Тоска, столь характерная для севера Европы, увидеть мир и встретить приключения, в Провансе и Италии была менее выражена. Эти благодатные края обладали многим из того, о чем мечтали и чего желали другие страны. События, странные, как вымысел, происходили на самом деле. Граф Раймон Руссильонский, например, заточил свою жену в башню, потому что трубадур Гильем де Кабестань был влюблен в нее и был ею любим. Он подстерег любовника, убил его, вырезал его сердце из груди и послал его, зажаренным, своей графине. Когда она отведала его, он показал ей голову Гильема и спросил, понравилась ли ей еда. «Настолько, что никакая другая пища больше не коснется моих губ», — ответила она, выбросившись из окна. Когда история распространилась, великие дворяне восстали против Раймона, и даже король Арагона начал с ним войну. Он был пойман и пожизненно заключен в тюрьму, а его поместья были конфискованы. Гильем и графиня были похоронены в церкви, и долгое время после этого мужчины и женщины преодолевали большие расстояния, чтобы преклонить колени у их могилы. Очаровательные поэмы о Мелюзине и прекрасной Магелоне, которые по сей день восхищают читателя, были сочинены в тот же период.

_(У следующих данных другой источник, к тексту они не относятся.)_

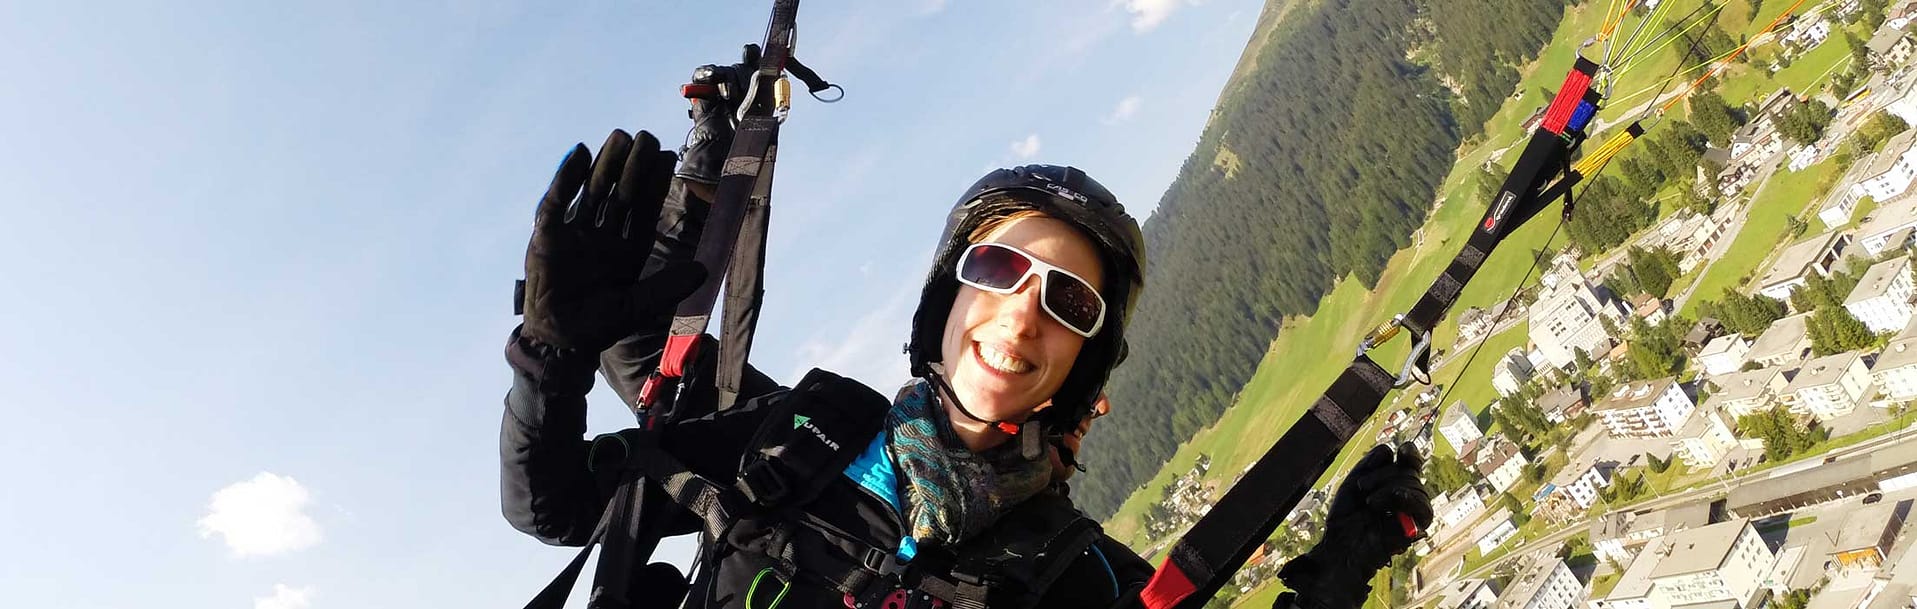 Kontakt Joyride Paragliding Davos

До XI века поэзии в истинном смысле этого слова не существовало. Были только латинские церковные гимны и легенды, искаженные воспоминания об античности, а на народном языке — жития святых и простые танцевальные песни для развлечения низших классов. Благодаря беспощадной войне, которую вел против них клир, сохранились лишь немногие. Нет сомнений, что Прованс был колыбелью европейской поэзии. «Сладкий язык» Прованса первым достиг совершенства и полной зрелости. Он вытеснил язык германских завоевателей на восток и подготовил почву для французского языка.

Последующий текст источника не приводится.